**Task objective**. Transcribe exactly, leaving out pictures, the lines from the one that holds "PLACA DE VIDEO" through the end of the data below, including both end lines and no others.

**Collected material**.
Start of Block
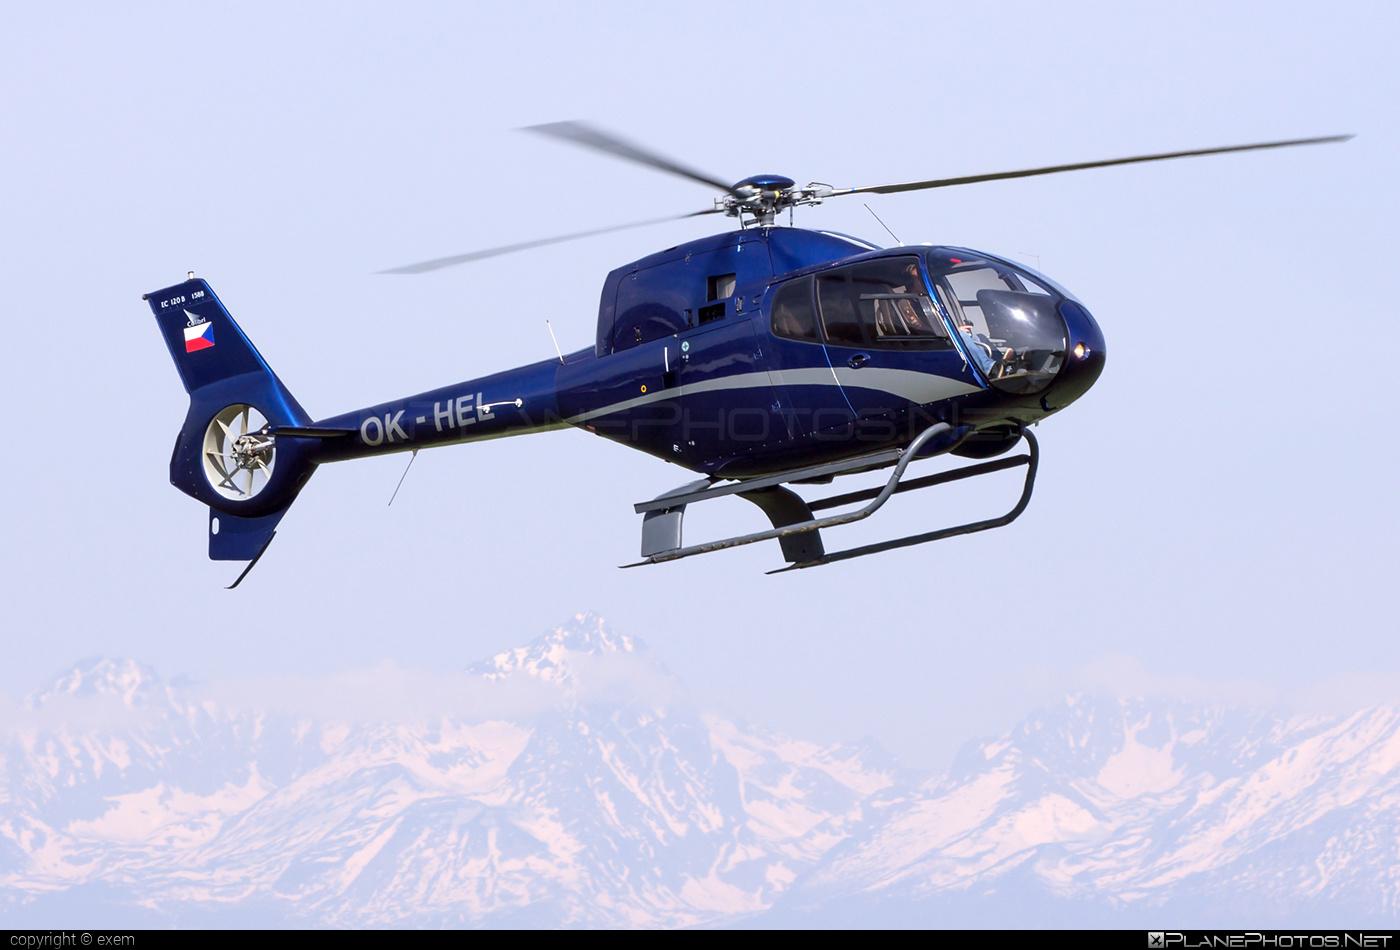 Eurocopter EC120 B Colibri - OK-HEL operated by Private operator #ec120 #ec120b #ec120bcolibri #ec120colibri #eurocopter #eurocoptercolibri #eurocopterec120colibri
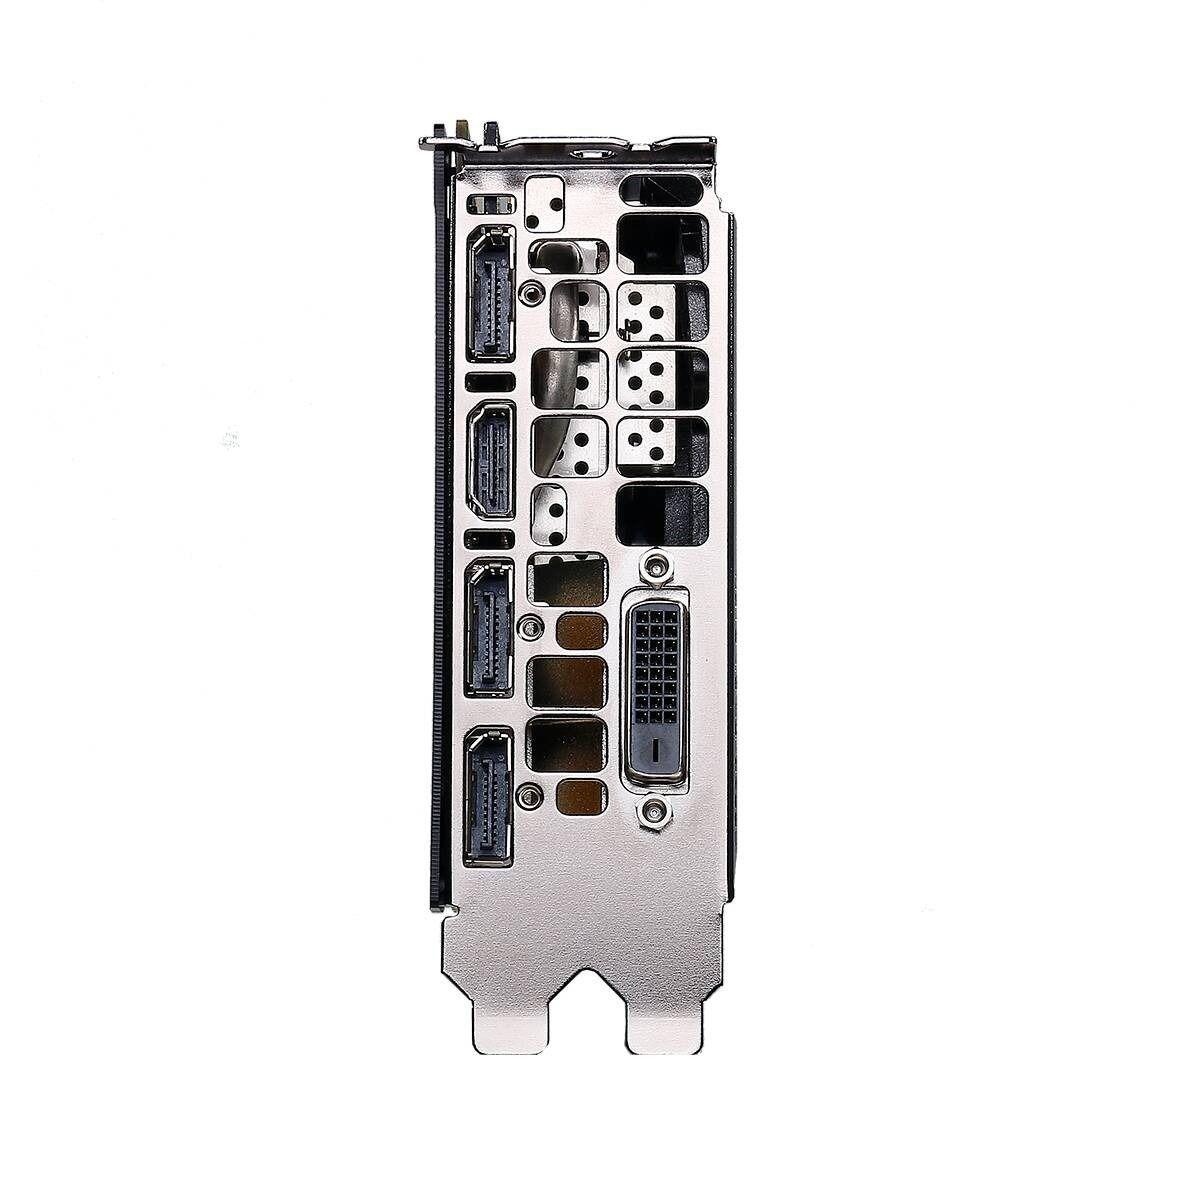 PLACA DE VIDEO EVGA GEFORCE GTX 1080 TI 11GB GDDR5X 352BIT REF ICX, 11G-P4-6591-KR
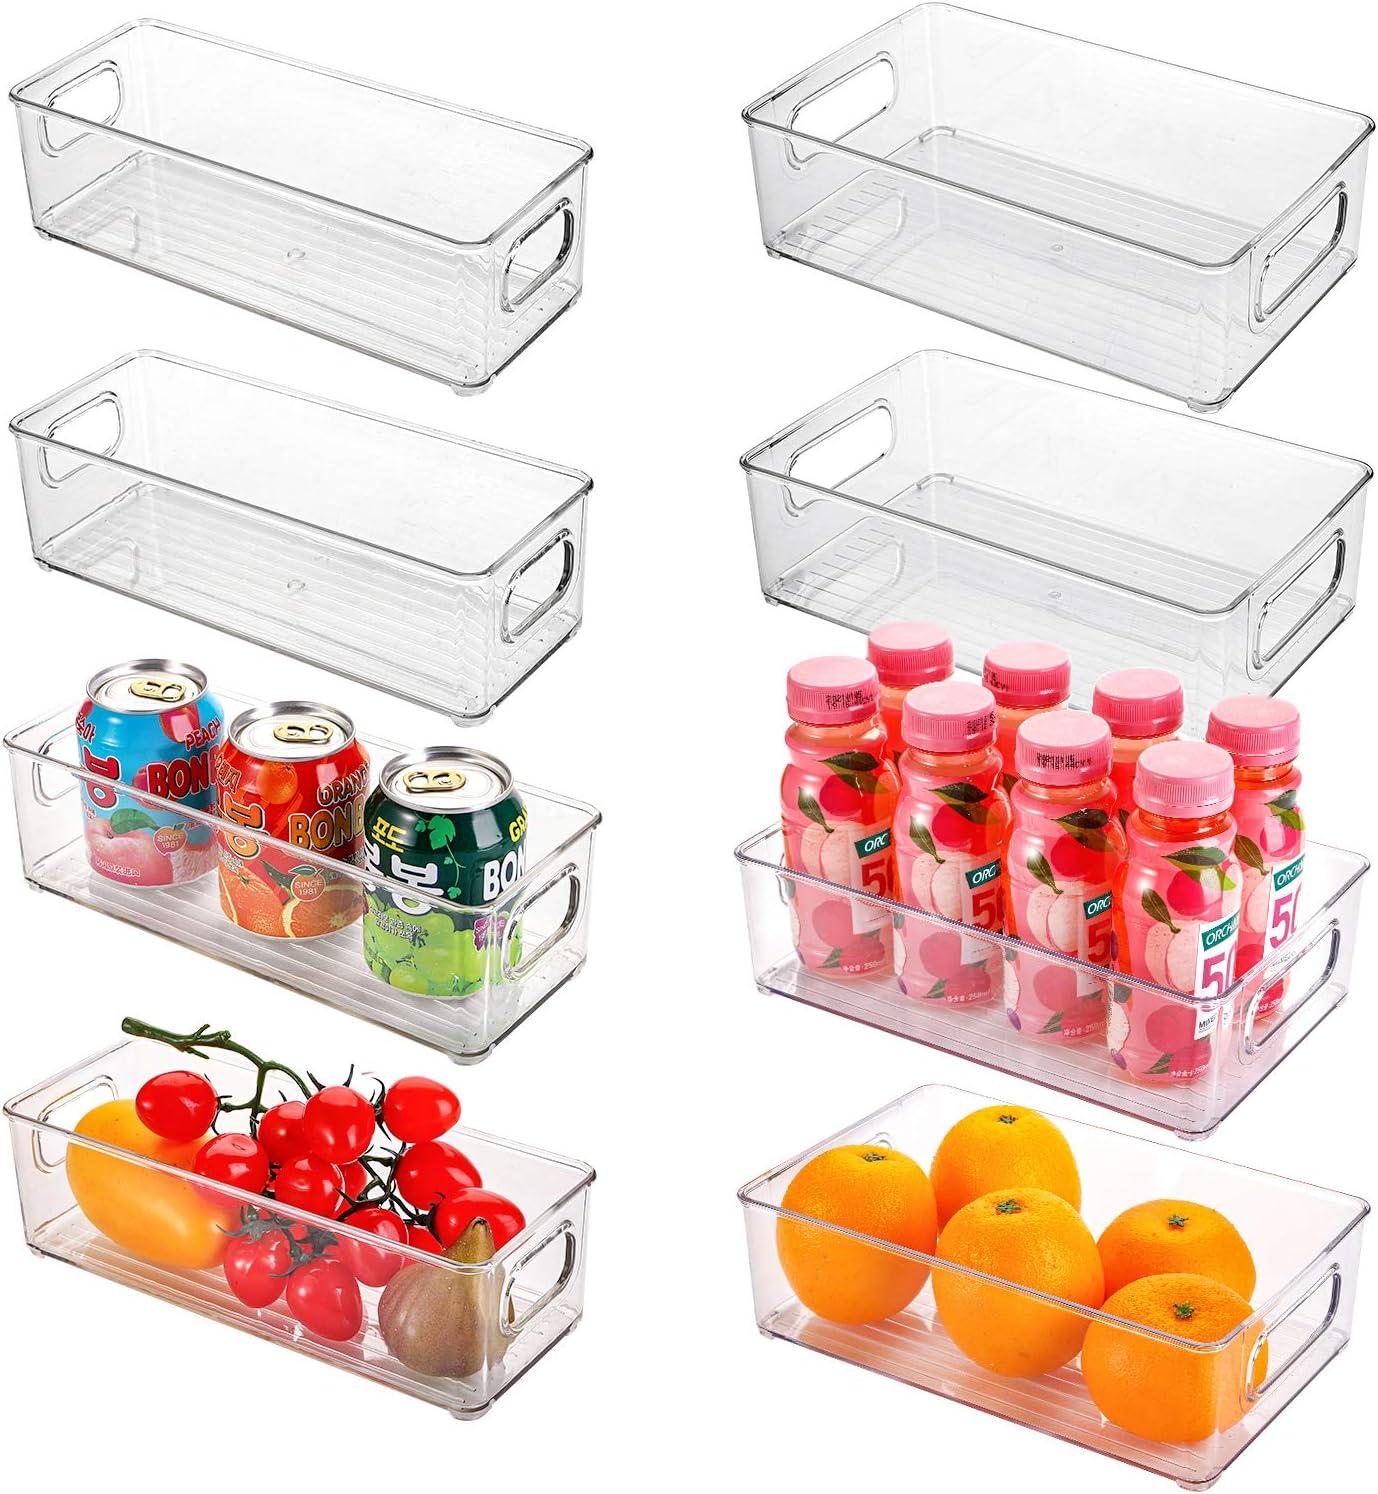 Kingrol 8 Pack Plastic Storage Bins for Freezer, Pantry, Countertop, Cabinet Organization, Stackable Food Storage Organizer with Handles, BPA Free, 10 x 6 x 3 Inch, 10 x 4 x 3 Inch
End of Block
**Task output**.
 PLACA DE VIDEO EVGA GEFORCE GTX 1080 TI 11GB GDDR5X 352BIT REF ICX, 11G-P4-6591-KR
 Kingrol 8 Pack Plastic Storage Bins for Freezer, Pantry, Countertop, Cabinet Organization, Stackable Food Storage Organizer with Handles, BPA Free, 10 x 6 x 3 Inch, 10 x 4 x 3 Inch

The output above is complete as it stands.